Prosecutors, who had threatened walkouts, will receive an 8 percent cost-of-living pay raise retroactive to 2004 and a $500 bonus, Commissioner Larry Suffredin (D-Evanston) said. Other nonunion staff get a smaller increase.

The raises will be paid for with $21 million the county received two weeks ago in an asbestos-related public building commission lawsuit against U.S. Gypsum.

But that's a one-time source of cash.

Stroger's resolution to provide the raises, up for a vote today, also promises prosecutors and all other county employees a 4.75 percent raise next year that would cost $113 million.

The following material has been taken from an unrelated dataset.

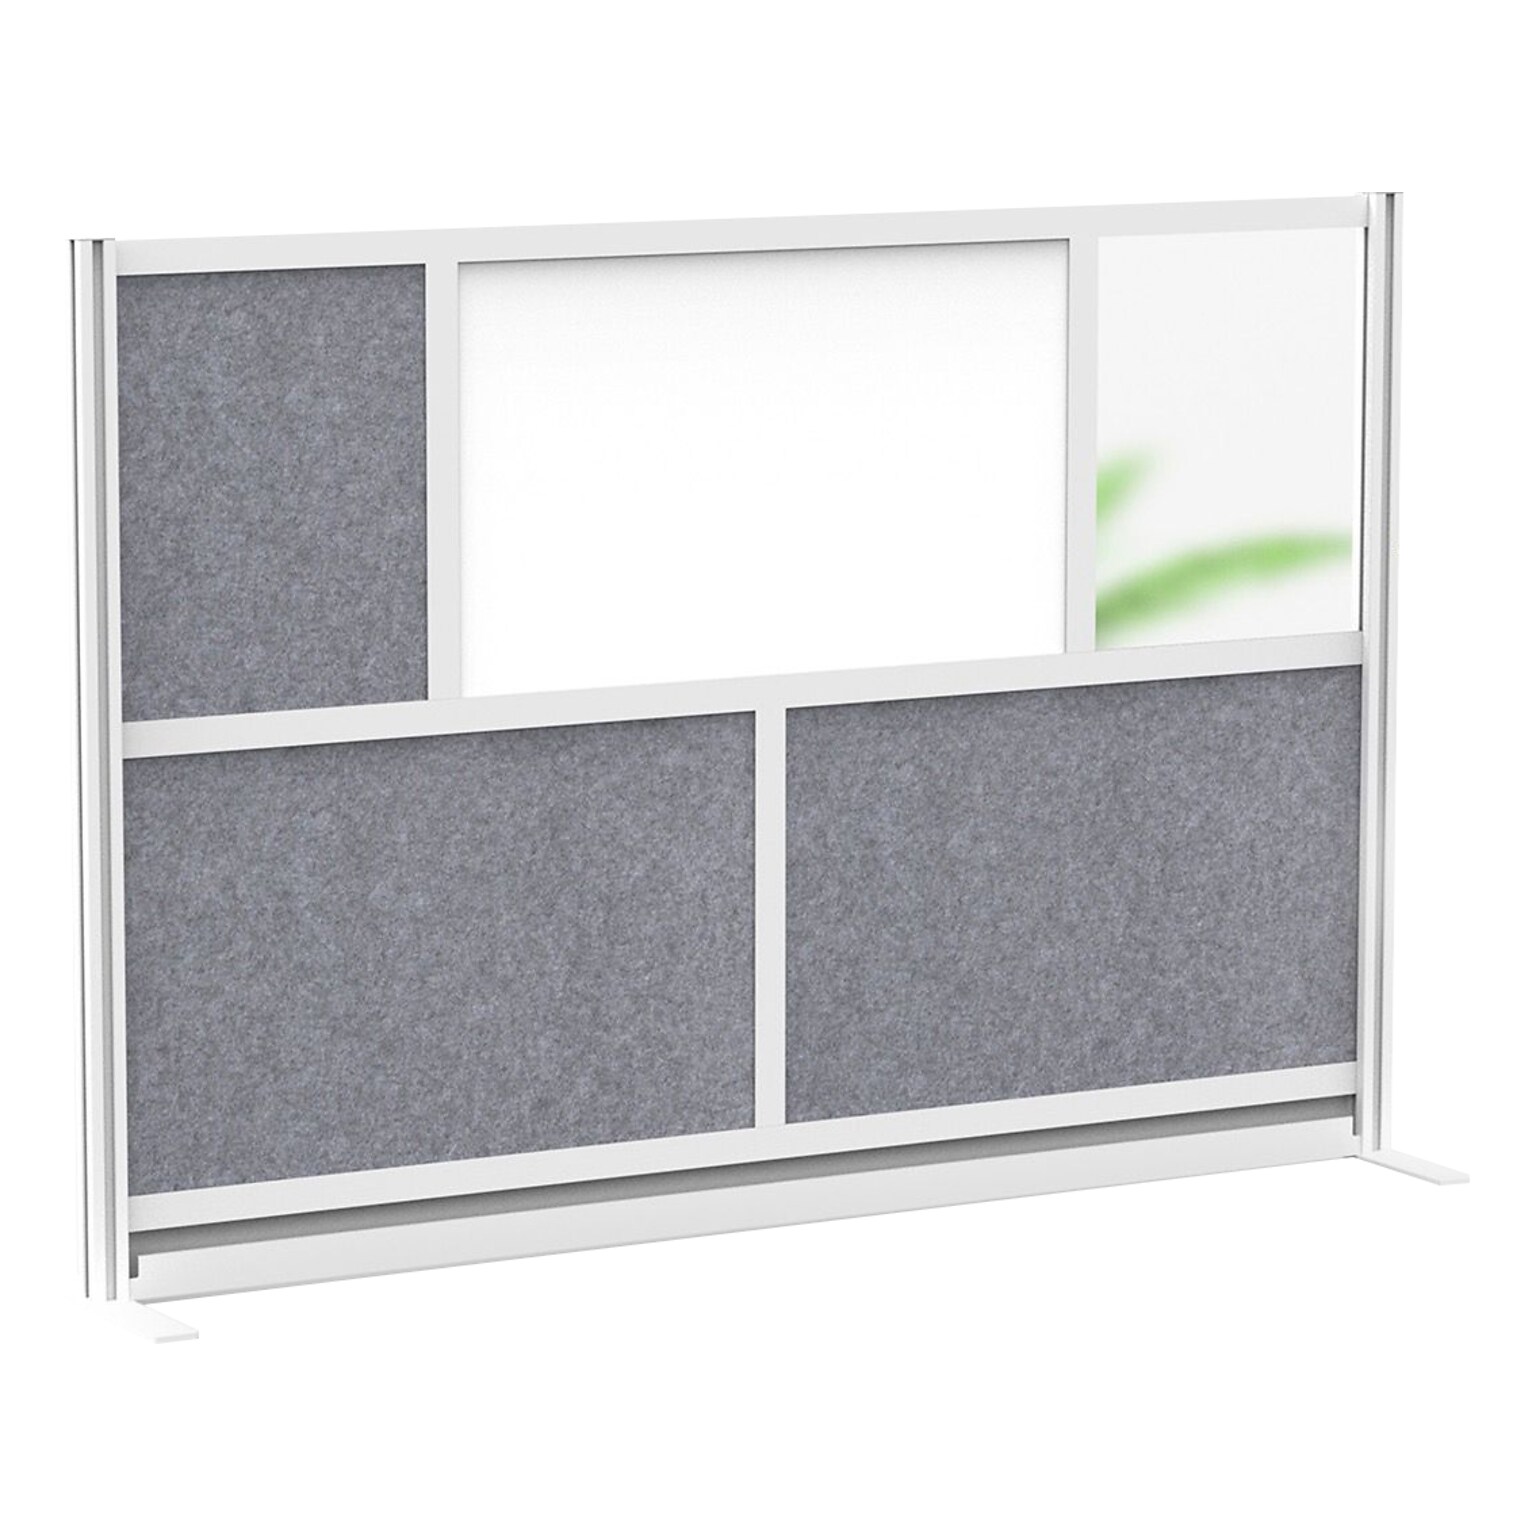 Luxor Workflow Series 5-Panel Freestanding Modular Room Divider System Starter Wall with Whiteboard, 48H x 70W, Gray/Silver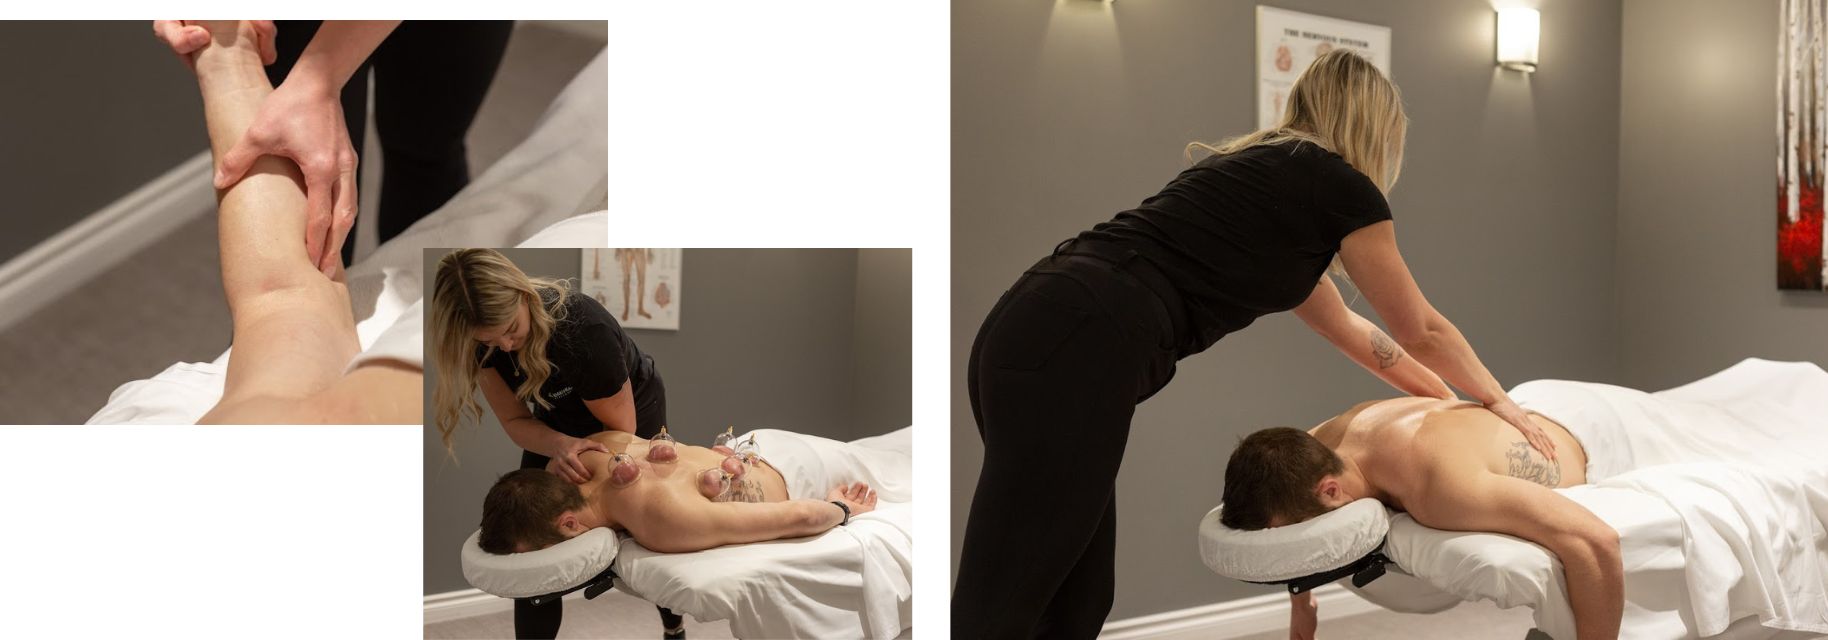 Massage Therapy Calgary South

That's money the county does not have in the budget now.

Stroger ruled out a property tax increase last week and is asking the state for $100 million to help the county health system. But both Stroger and Suffredin, who fought Stroger on the budget last year, said some other boost in revenue will still be needed.

Suffredin and finance committee chairman John Daley (D-Chicago) also say they're going to try to push the county sheriff, chief judge and court clerk to come up with creative ways to boost revenue.

Stroger said he would have preferred to wait to give prosecutors their raises rather than being forced to commit 2008 money.

But increasingly over the past week, vocal assistant state's attorneys have been making threats. State's Attorney Dick Devine's top assistant, Robert Milan, was quoted in reports as saying commissioners would "pay the price" if they didn't find a way to boost salaries.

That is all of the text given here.